Badalte Rishtey () is a 1978  Bollywood drama film, produced by Sudesh Kumar under the Vijayashree Pictures banner and directed by R. Jhalani. It stars Jeetendra, Rishi Kapoor, Reena Roy  and music by Laxmikant Pyarelal.

Plot 
Savitri (Reena Roy), a music teacher with a school, also takes music tutorials for girls by going to their homes. Savitri lives with her brother, Chandar (Asrani), who is a painting contractor, and his mother. She meets Manohar Dhani (Rishi Kapoor), a guide by profession, who falls for her at the first meeting. He follows her to her home on the pretext of selling her eggs.

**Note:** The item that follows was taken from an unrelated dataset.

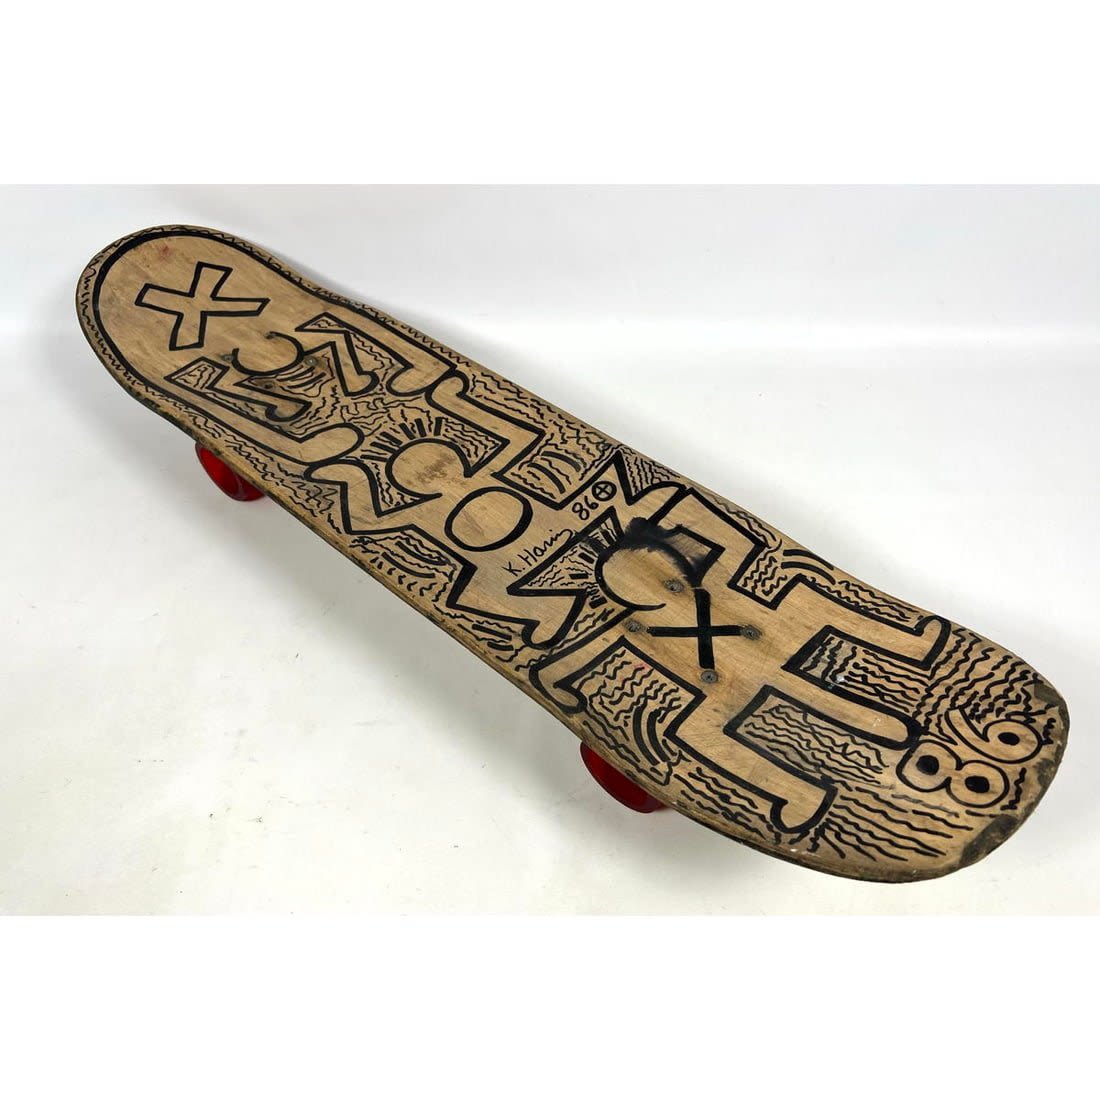 Vintage Skateboard painted in the 362a6c

Savitri knows fully aware that Manohar is just trying to woo her and is not an egg seller. Sagar (Jeetendra), is a US returned businessman whose kid sister is a student of Savitri. On his return from the US, he happens to hear Savitri's song and immediately falls for her as well.

Savitri's friend, who is also her brother's fiancée, comes in with her father (A. K. Hangal), an astrology expert. He predicts that some good times are waiting for Chandar, but he also predicts a bad phase for his mother. However, he refuses to share any details about Savitri. In the meantime, Savitri is falling for Manohar and both romance.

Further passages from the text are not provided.